Oft ignored in studies of British imperialism (except by its own countrymen), Upper Canada in the mid-19th century provides a cogent lens through which to observe imperial relations with nature, intersecting especially with urban development, land law, and gender politics. This study will specifically focus on the region surrounding Toronto, an environmentally diverse, cosmopolitan, and economically burgeoning area with a rich tradition of nature writing and painting.

        The question asked by this research project is: How did the visual and literary culture of the Toronto region (1825 – 1867) influence and reflect British ideologies of urbanization, nature, and rural development. Toronto residents in the mid-19th century found themselves in a cosmopolitan urban environment surrounded by seemingly endless forests. Those who interacted economically or domestically with ‘the bush’, as the deep forest was termed, created their own environmental ideologies that reflected imperial notions of nature. Frederick Armstrong comments that, in this period, Toronto evolved from, “a remote, backwoods, colonial city” to, “part of an international economic pattern” (Armstrong, 15). The environmental changes fueling this transformation and expansion were substantial, and carried consequences for regional ecosystems. The experience of environmental transformation, moreover, was widely disseminated to Canadian and British audiences. Catherine Parr Traill, wrote books for potential British émigrés to Canada, but warned that, “Matters are not carried on quite so easily here as at home” (Traill, 57). Carole Gerson comments that this, “genre of settlement literature… offers useful knowledge to assist with the process of settlement and local culture development” (Gerson, 78). Creating a Canada suitable for British life was a matter of consequence in the mid-19th century, both for Torontonians and their peers living in ‘the bush’. Toronto’s urban expansion into its forests produced a cultural landscape that both relied upon and produced opportunities for environmental narratives and images which sustained its growth.

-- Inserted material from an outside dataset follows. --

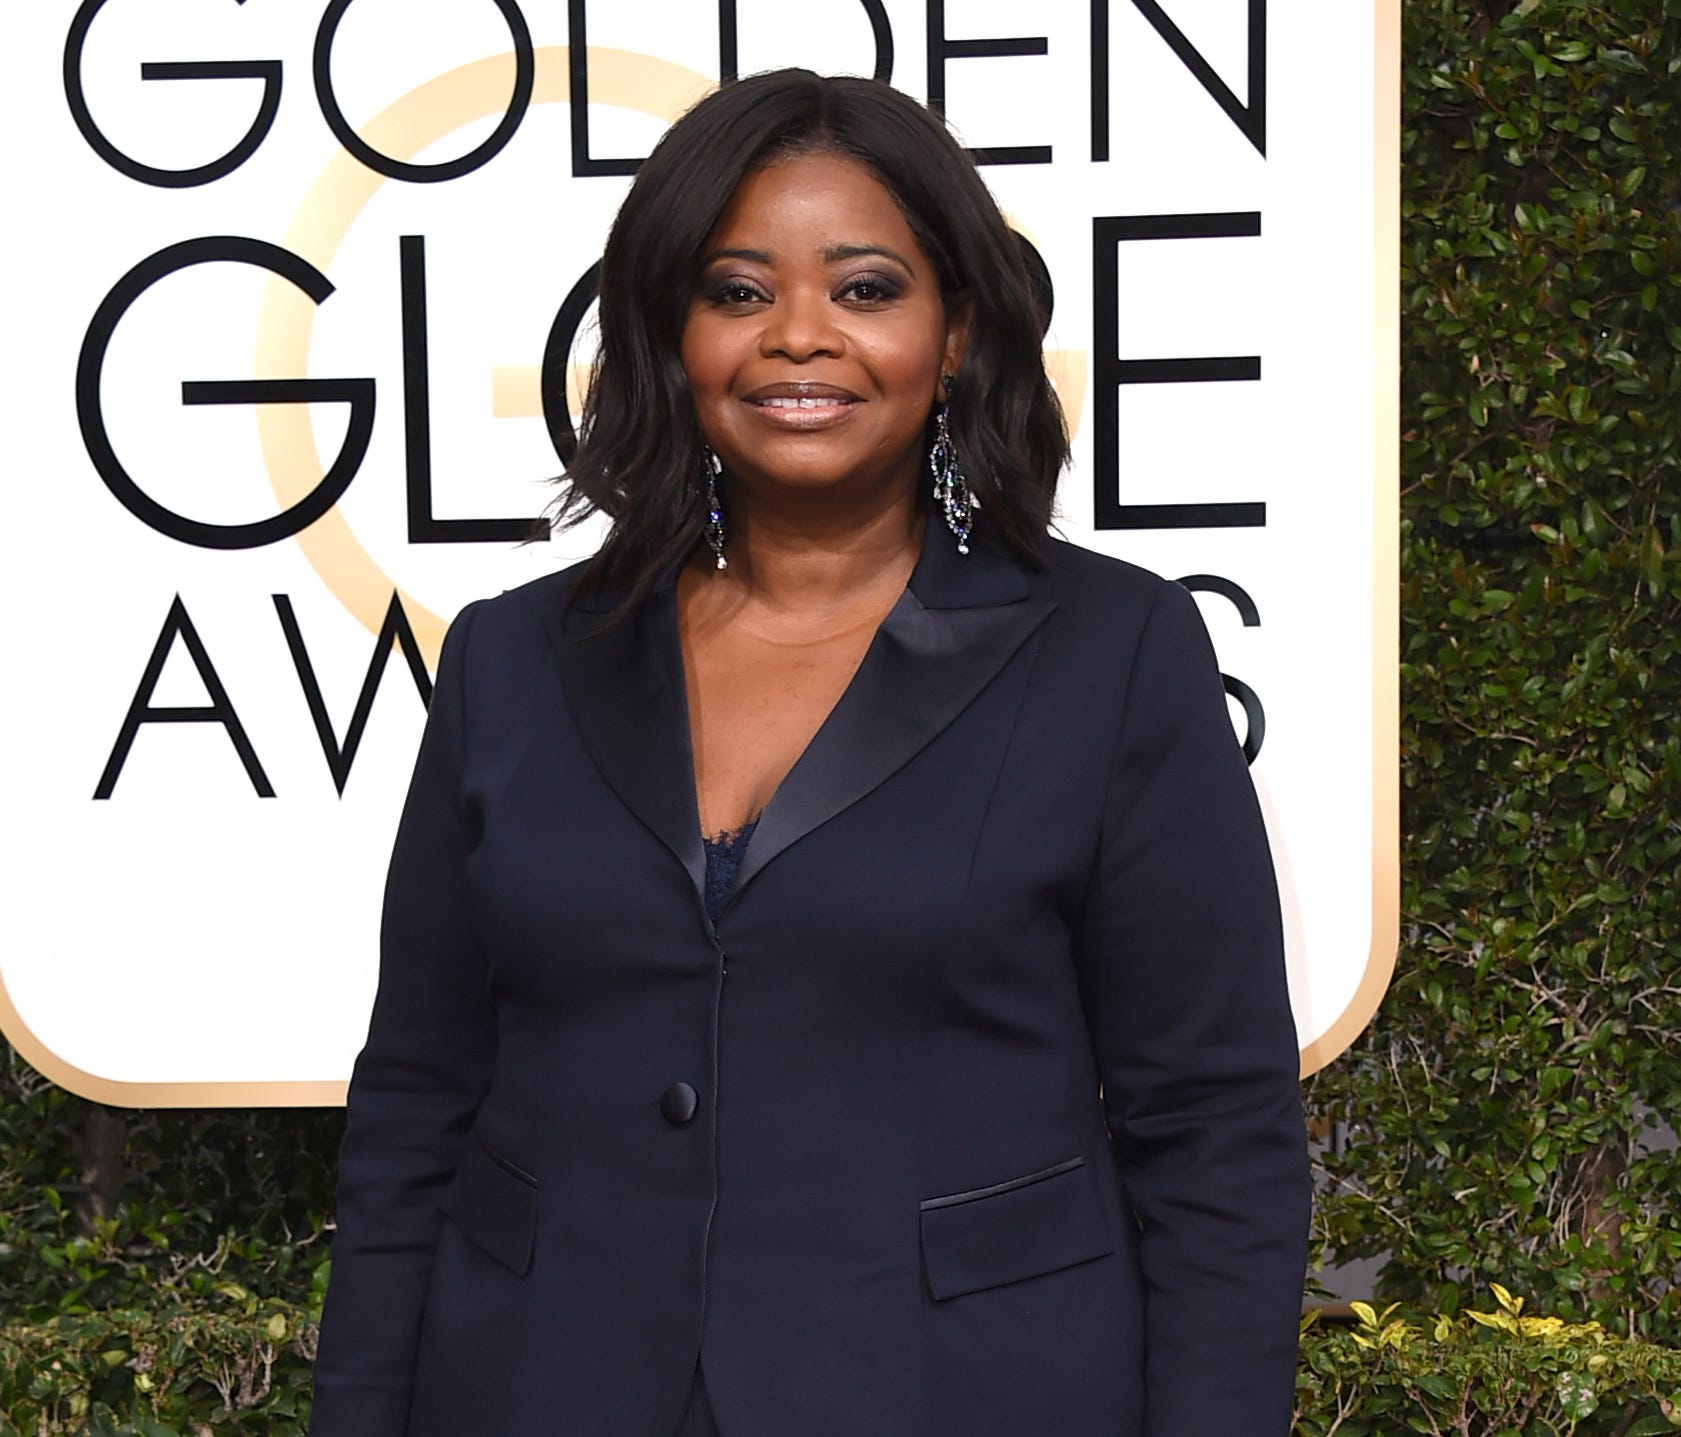 Octavia Spencer arrives at the 74th annual Golden Globe Awards at the Beverly Hilton.

        This exhibition will proceed through examples of visual and literary culture from Toronto and its ‘bush’ region in this time period, complicating dominant theses of 19th century Canadian history. The ‘metropolitan thesis’, first elucidated the 1954 article “Frontierism, Metropolitanism, and Canadian History” by J.M.S. Careless, focuses its analysis of Canadian history on the economic centrality of certain metropoles (i.e. Toronto, Montreal) in the country’s development (Davis, 95). This study will, instead, focus on the actual outgrowth of Toronto itself, and how environmental and urban ideologies forged in this time period concretized and reflected dominant notions of British Imperial natural and built environments. Lillian Gates’s The Land Policies of Upper Canada reminds us of the haphazard process of this early development, yielding to more specific Imperial goal-setting, “Not until 1837… did the home government come to regard the Crown lands as Imperial capital to be carefully developed and expended for the benefit of the Empire” (Gates, 152). This shift resulted from democratic Reform rebellions, the incorporation of Toronto as an official city, and the opening of new agricultural areas from land clearing (Campey, 22). All of these developments attracted new interest in Upper Canada from potential settlers, but had to be conveyed to British audiences through visual and literary cultures. Internalizing these narratives, I will argue that British Canadians, from domestic frontierswomen to technical city planners to landscape painters, underwrote the urban expansion of Toronto at the expense of its untamed ‘bush’ surroundings. Moreover, I will argue that this process was complex and sometimes paradoxically Romantic in its treatment of nature; the dissemination of images of nature in an Imperial context attracted the eyes of profit-seekers, those looking for natural entertainment, and British would-be settlers looking to replicate their comfortable British environs.

        Thesis: The physical growth of Toronto’s built environment in the mid-19th century relied on abstract networks of visual and literary cultures, whose creators may not have even realized their complicity in the city’s expansion.